Not addressing the root cause for an issue in production (we’ll fix it later, it is too big to fix now)
An increase in the on-boarding time for new team members (we’re hiring younger engineers now)
A slip in the lead and cycle times for initiatives (that team was inexperienced)
An increase in the number of senior team members departing the company (well, who can blame them, cultures always change)
Being unable to further shorten the release cycle (well, maybe we’ve hit our limit now with monthly releases)
Spending less time with customers (our latest batch of engineers is less interested in chatting directly with customers) The rationalizations are powerful. If the environment is already toxic, no amount of effort to reign things in will work, as people are already on the defensive.

The Answer

I’m definitely not an expert, but my biased hunch is around discipline, forcing functions, and psychological safety.

I’ve been thinking and reading on this for a while (delving into Lean, Theory of Constraints, and high safety cultures). When I look at companies that have done well for an extended period of time, I tend to see some set of non-negotiable set of values, principles, constraints, forcing-functions, and controls.

These might include:

Fixed hiring standards (or a hiring approach, e.g. test-driving)
Stop-the-line and fix the root cause of production issues
No flaky tests (tests that routinely fail, but are ignored)
Maximum limits for “unplanned” work
Ability to push changes into production in [some time duration]
Everyone does time in the support queue
Quarterly, well-facilitated continuous improvement events and immediately addressing the topmost items
Work in progress limits
Track data on every product initiative and do follow up post-release comparing adoption estimates to actuals
Always include a customer (or customers) on the team
Some regular rotation of team members to circulate information and learnings
Retrospectives for each initiative, and agreement to act on any of the key blockers whether or not it is solely within the team’s control
Immediate refocusing if rolling NPS drops below 40
CI/CD must not exceed N minutes/hours
Weekly goals
Chaos engineering in production environment (regularly bring down systems to test resiliency)
Periodically shortening the release cycle (e.g. 1 month, 2 weeks, 1 week, 1 day) The tendency is to write these things off as “too controlling” or “not flexible enough”. Or…the expectation is that a single manager will catch the problem, escalate accordingly, and/or resolve the issue(s) with other managers. I’d argue otherwise. To encourage continuous improvement and prevent the drift, you need to have some set of immovable forcing functions AND the commitment to “stop the line” and address the issue.

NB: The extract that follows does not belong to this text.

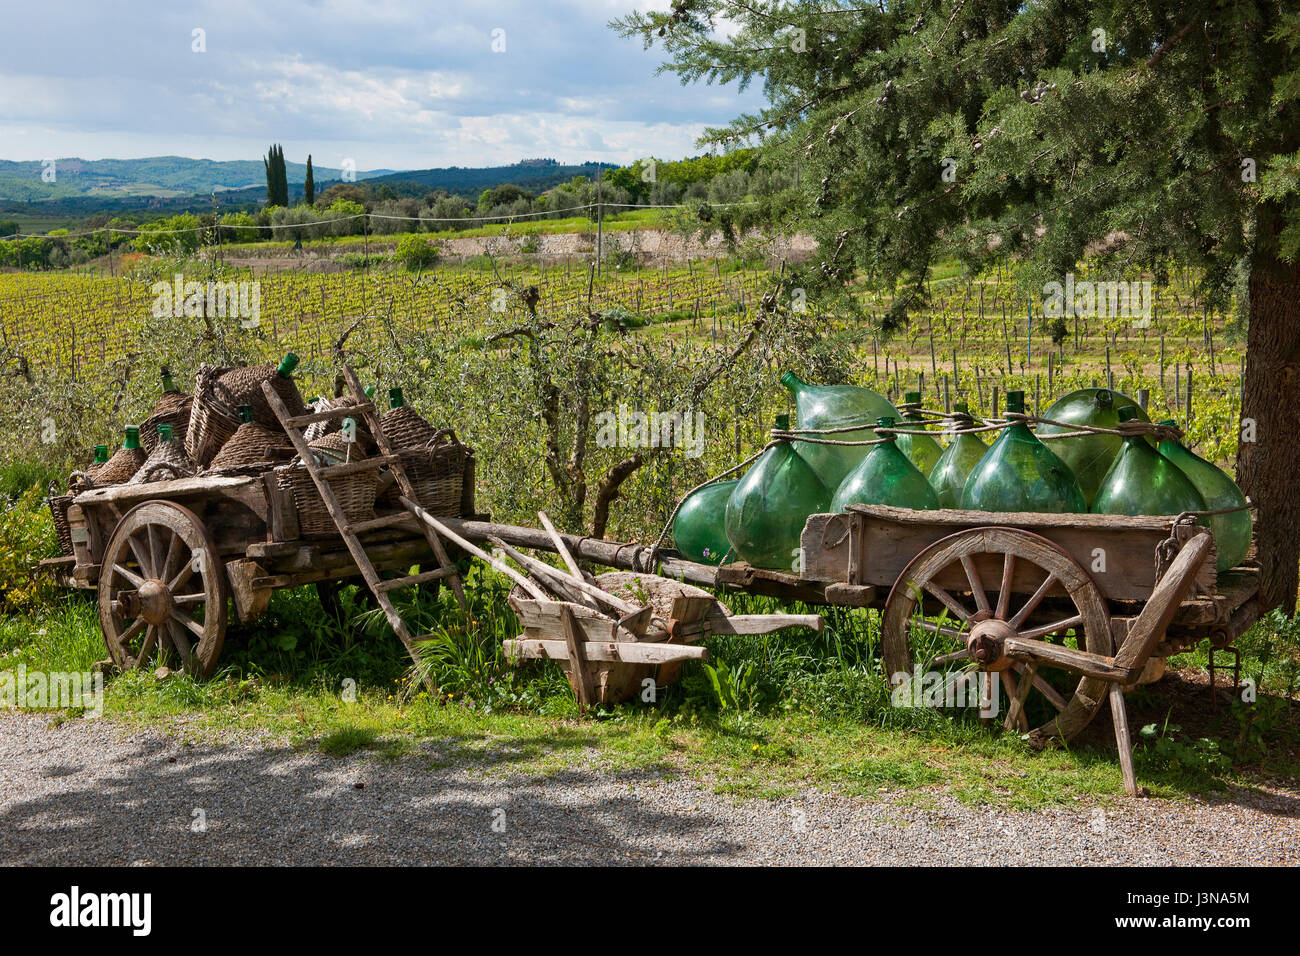 Panier en bois avec des bouteilles de vin, la Villa a Sesta, Chianti, Toscane, Italie, Europe Banque D'Images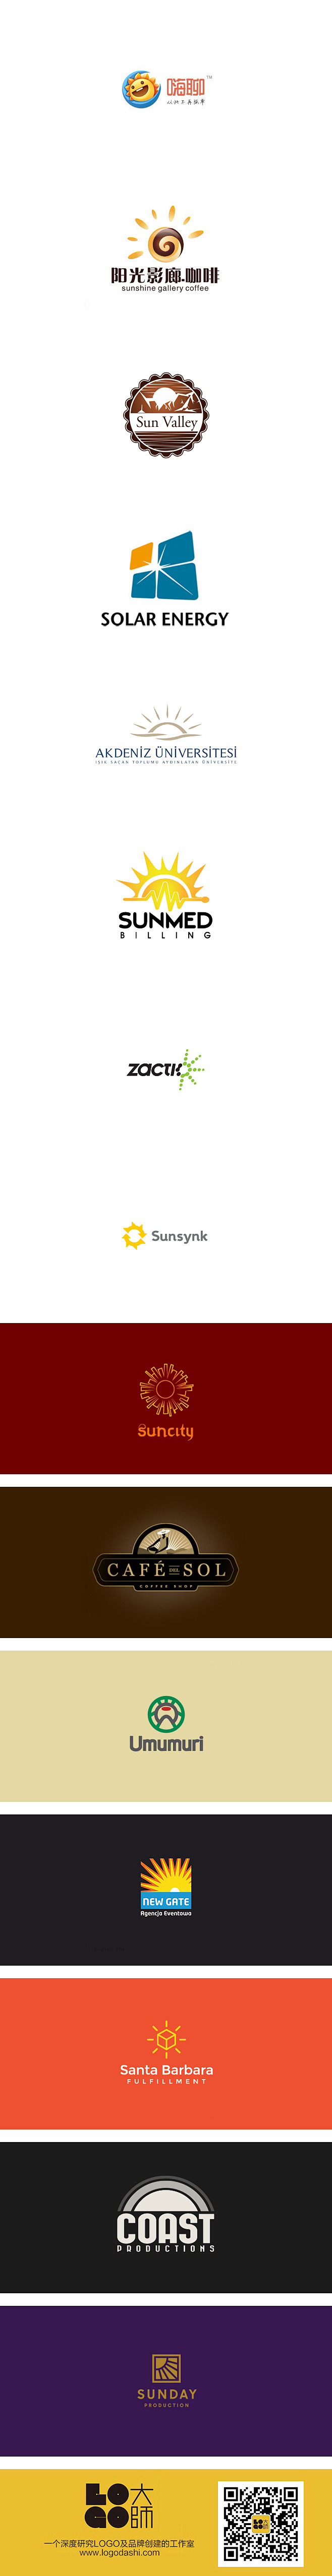 #以太阳为元素logo##logo设计#...

The key here is to pick forcing functions that can actually drive learning and action. Individual performance reviews and OKRs can feel too arbitrary and local. So can something silly like “ability to hit estimates.” It’s better to pick things that point to the global health of the system. This is a key point, as we tend to obscure the global influences on teams which makes it easy to rabbit hole on individual/local causes.

Most importantly, it cannot involve blame or personalizing the issue. And (this can be the toughest) must involve everyone in selecting the constraints, and leaving them open for debate.

Summary

Make it safe to have discipline. Agree to a set of forcing functions. When the alarm trips, make it safe to address continuous improvement. Don’t make this a management thing. Make it a wh0le-org thing.